The Google Marketing Services deployed by us include the “Google AdWords” online advertising program. Google AdWords supplies every AdWords customer with a different “conversion cookie”. This means that cookies cannot be traced via the websites of AdWords customers. The information obtained using the cookie enables conversion statistics for AdWords customers to be produced who have opted for conversion tracking. The AdWords customers are notified of the total number of users who clicked their advertisement and were forwarded to a page containing a conversion tracking tag. However, they are not given any information that could be used to personally identify users. 

We may involve third parties on the basis of the “DoubleClick” Google marketing services. DoubleClick uses cookies that enable Google and its partner websites to place advertisements on the basis of users’ visits to this website and other websites on the Internet. 

Additionally, we may deploy the “Google Tag Manager” to integrate and manage the Google analytics and marketing service within our website. 

For further information on data usage for marketing purposes by Google, refer to the overview page: https://www.google.com/policies/technologies/advertisements; Google’s privacy policy can be accessed at https://www.google.com/policies/privacy. 

If you would like to opt out of interest-driven advertising from Google Marketing Services, you can use the settings and opt-out options provided by Google: http://www.google.com/advertisements/preferences. 

4.2.13 Optimizely 

Our websites use Optimizely, a web-analytics service from Optimizely Inc. (631 Howard Street, Suite 100, San Francisco, CA 94105, United States) for the simplification and performance of A/B tests to further develop this website. The information generated by a cookie about your use of the website is usually transferred to one of Optimizely’s servers in the USA and stored there. The cookie generated by Optimizely has a term of ten years.  

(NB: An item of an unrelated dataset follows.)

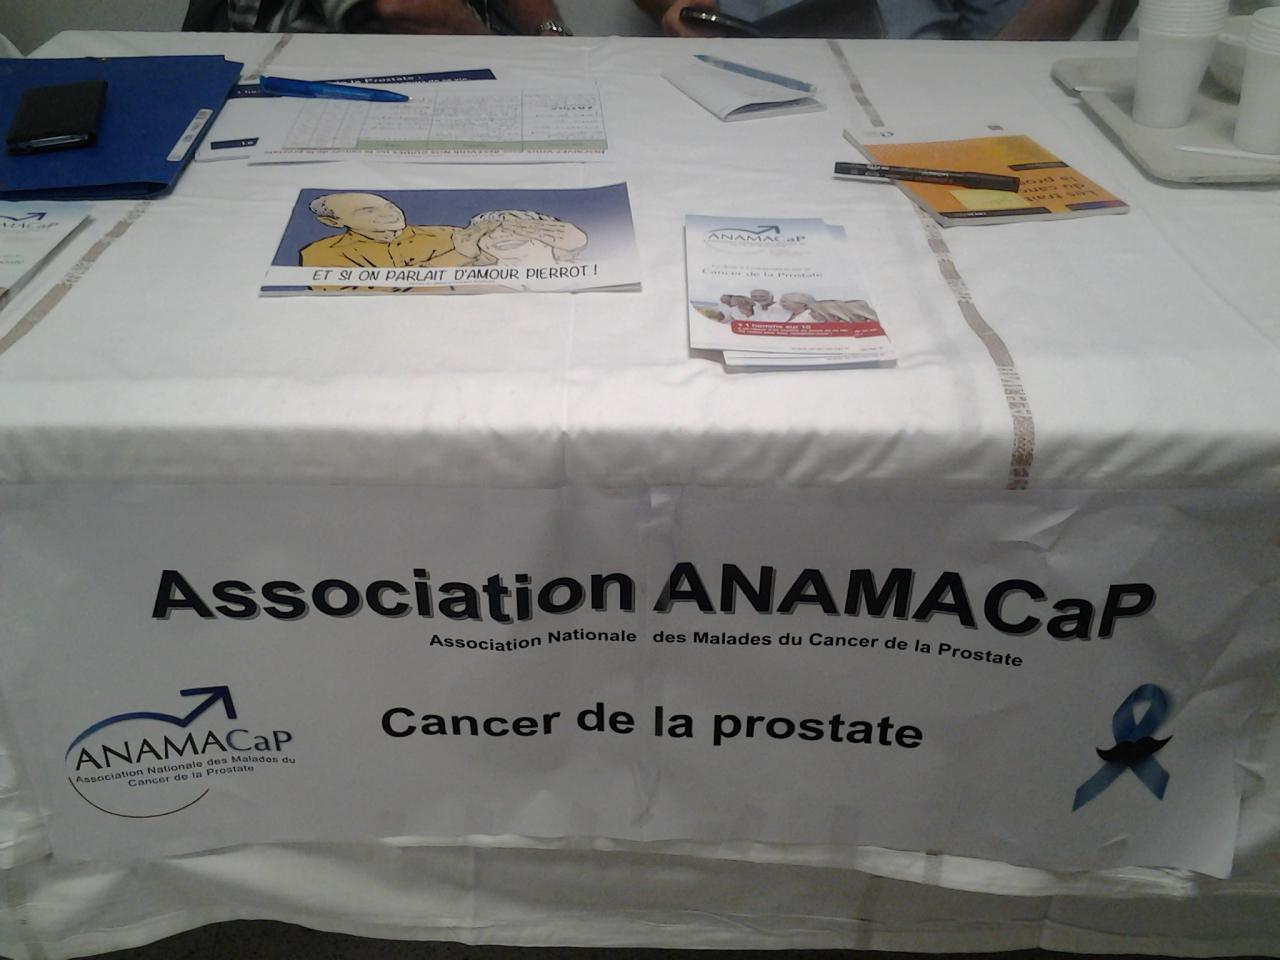 Le stand ANAMACaP.

Transfer of data to the USA is permissible under Art. 45 GDPR because Optimizely is Privacy Shield certified and thus an adequate level of protection exists according to the Implementing Decision of the Commission (EU) 2016/1250 (http://eur-lex.europa.eu/legal-content/DE/TXT/HTML/?uri=CELEX:32016D1250&from=DE). The certification can be viewed at https://www.privacyshield.gov/participant?id=a2zt0000000TNkWAAW&status=Active . 

Your opt-out option: You can deactivate tracking by Optimizely at any time by following the instructions at https://www.optimizely.com/opt_out. 

The legal basis is a legitimate interest under Art. 6 (1) sentence 1 f GDPR, namely pursuance of our business purposes. 

4.2.14 Tealium Audience Stream 

We use the “Tealium Audience Stream”, a service by Tealium Inc., 11085 Torreyana Road, San Diego, CA 92121, USA (Tealium) within our website. This collects and stores data that we use to create pseudonymized user profiles. On our behalf, Tealium will use this information to structure your use of the website in line with your needs automatically and in real time and to display advertising. For this purpose, information including the following is collected: viewed and clicked advertisements, articles, advertising, visitor numbers, subject matter of the page, etc. 

The pseudonymized user profiles are not merged with personal data about the bearer of the pseudonym without consent, which must be provided separately. Similarly, the IP address transmitted by your browser is not merged with the usage profiles. 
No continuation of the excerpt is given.